Утренняя звезда - Андре Шварц-Барт
Шрифт:
Интервал:
Закладка:
Из середины реки появилась громадная рука и нависла над ним, он открыл глаза и увидел пана Павячека, который будил детей одного за другим. Грузовик стоял в тени красной кирпичной стены, высотой почти как двухэтажный дом, да еще поверху утыканной осколками бутылочного стекла. С другой стороны грудились дома невероятных размеров, какие раньше он видел только на фотографиях. От пана Павячека несло перегаром картофельной самогонки, а вид у него был еще несчастнее, чем прежде. Он протянул им бутылки с водой, какие-то фрукты и торбу, по форме и весу свидетельствовавшую, что в ней — краюха хлеба. И указав на таинственную точку, расположенную там, где стена кончалась, он, как безумный, нырнул в кабину, лязгнул дверцей, высунул голову из окошка и возопил, внезапно раздувшись от такой ярости, что аж язык заплетался:
— Господь берет вас на Свое святое попечение!

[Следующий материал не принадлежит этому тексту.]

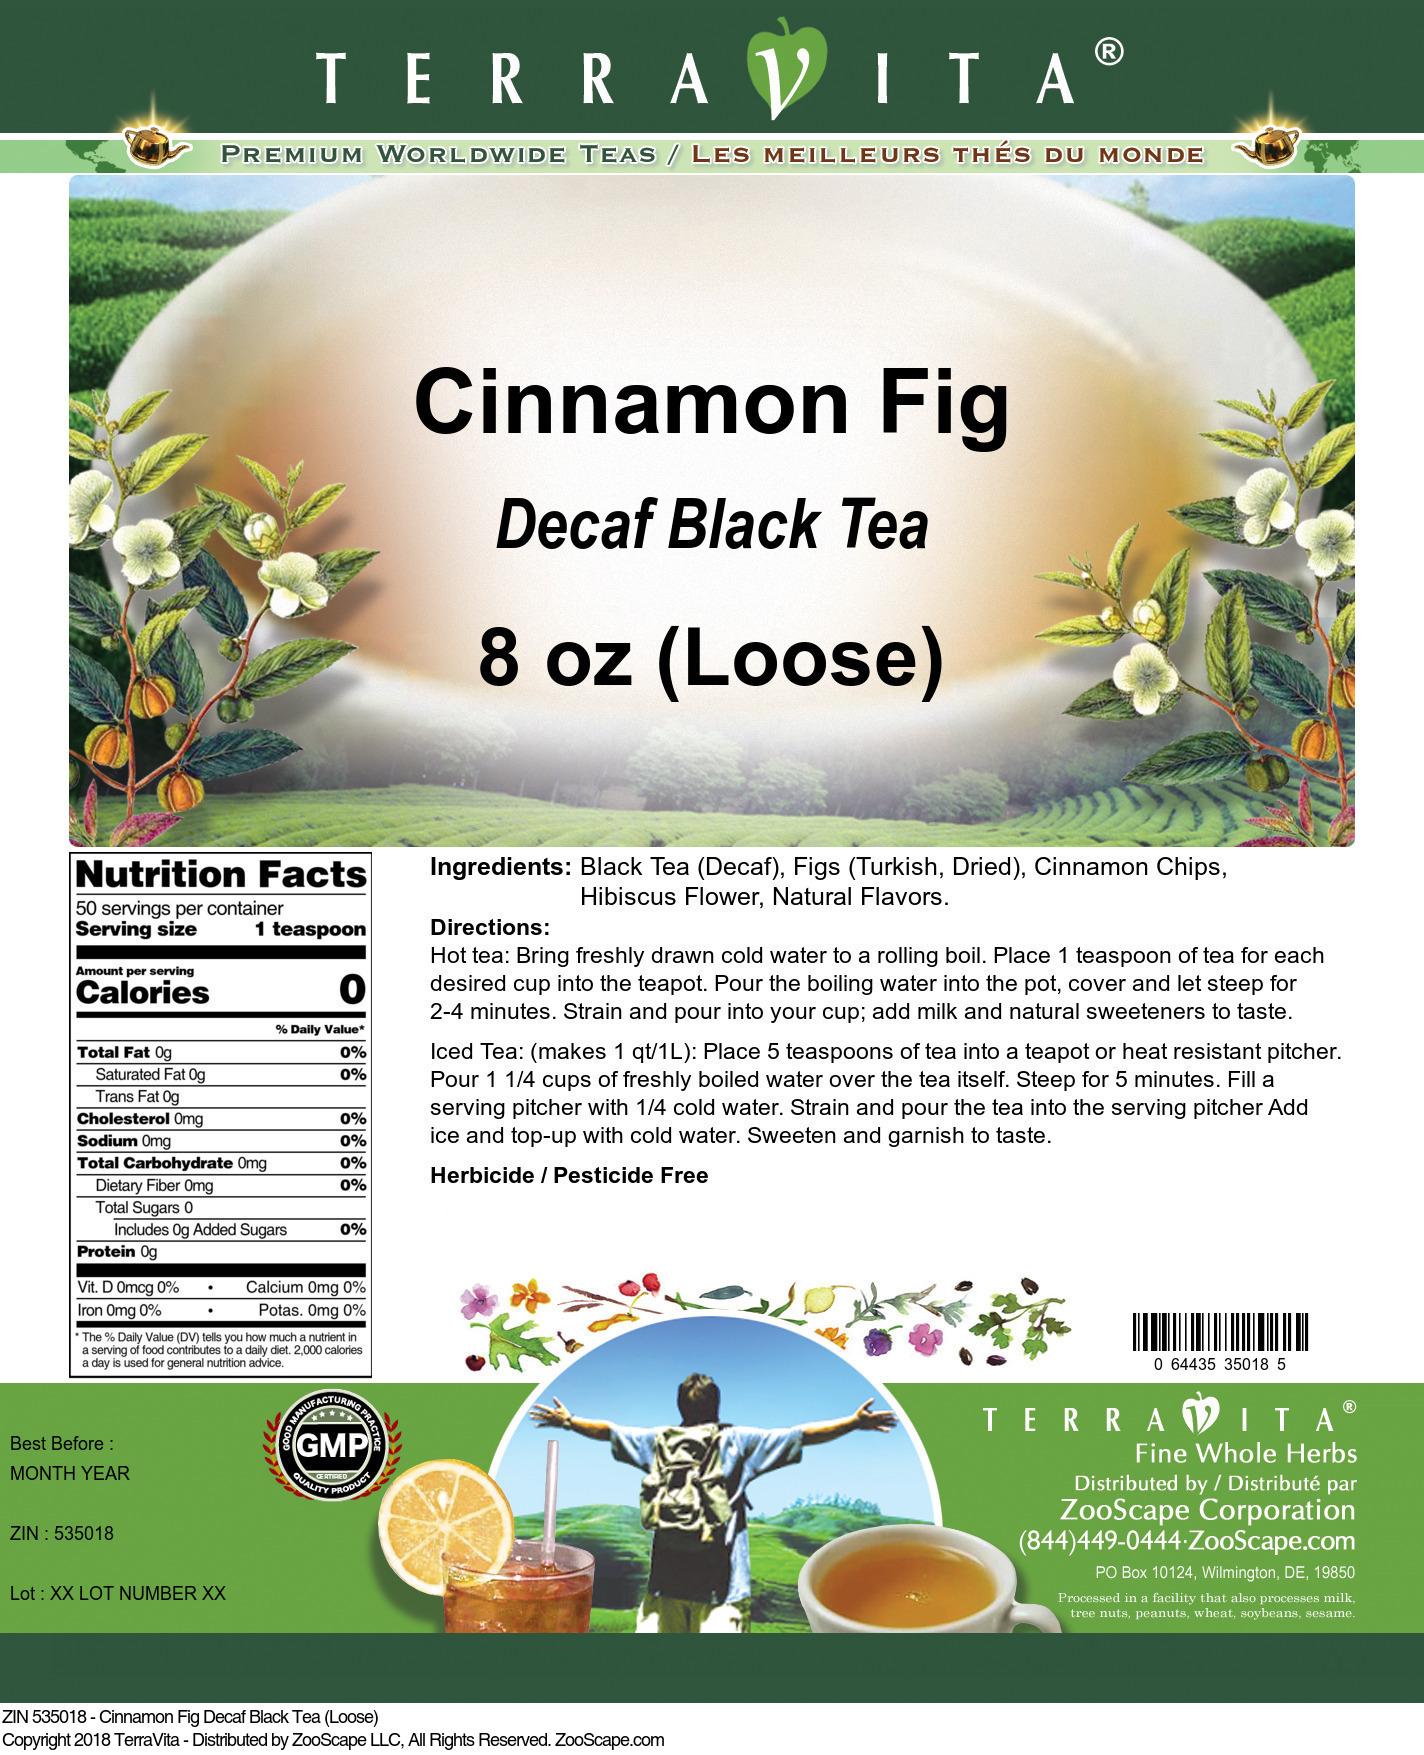 Cinnamon Fig Decaf Black Tea

Грузовичок взвыл, исчез с глаз, а Хаим спросил себя, не надо ли было поговорить с ним о монахинях монастыря Святого Анастасия? Но теперь он был человеком пуганым, знал уже, до какой крайности могут довести смертного сахар и табак, и сожаления о святых женщинах из далекого монастыря его тотчас покинули навсегда. Усталые, измученные, прижимаясь друг к дружке, дети добрели до того места, где в стене был проход, перед которым стояли два немецких солдата и еще два каких-то типа в белых кепках с синей звездой Давида на козырьках. Каждый из этих двоих держал в руках длинную дубинку. За стеной и рядом колючей проволоки беспорядочно сновали люди. Они все куда-то спешили, о чем-то громко бубня, словно толпа на рынке. Один из солдат заметил детей. Он что-то сказал на своем родном языке, и его слова тотчас, словно откликнувшись эхом, сухо перевел на идиш один из штатских:
— Кто вы такие и что вы тут делаете?
— Мы — еврейские дети из Подгорца, — ответил Хаим-Лебке.
— Скажите сперва, где этот Подгорец, как вы пришли и где все остальные?
— Они все мертвы. Все отдали души Господу, — пояснил Хаим-Лебке. — Мы — последние евреи святой подгорецкой общины.
— Что-что? Где это? И кто привел вас сюда?
— Пан Павячек, — прозвучало в ответ.
— Ха-ха! — не найдя иных слов, отозвалась вся четверка в равной мере ошарашенных стражников.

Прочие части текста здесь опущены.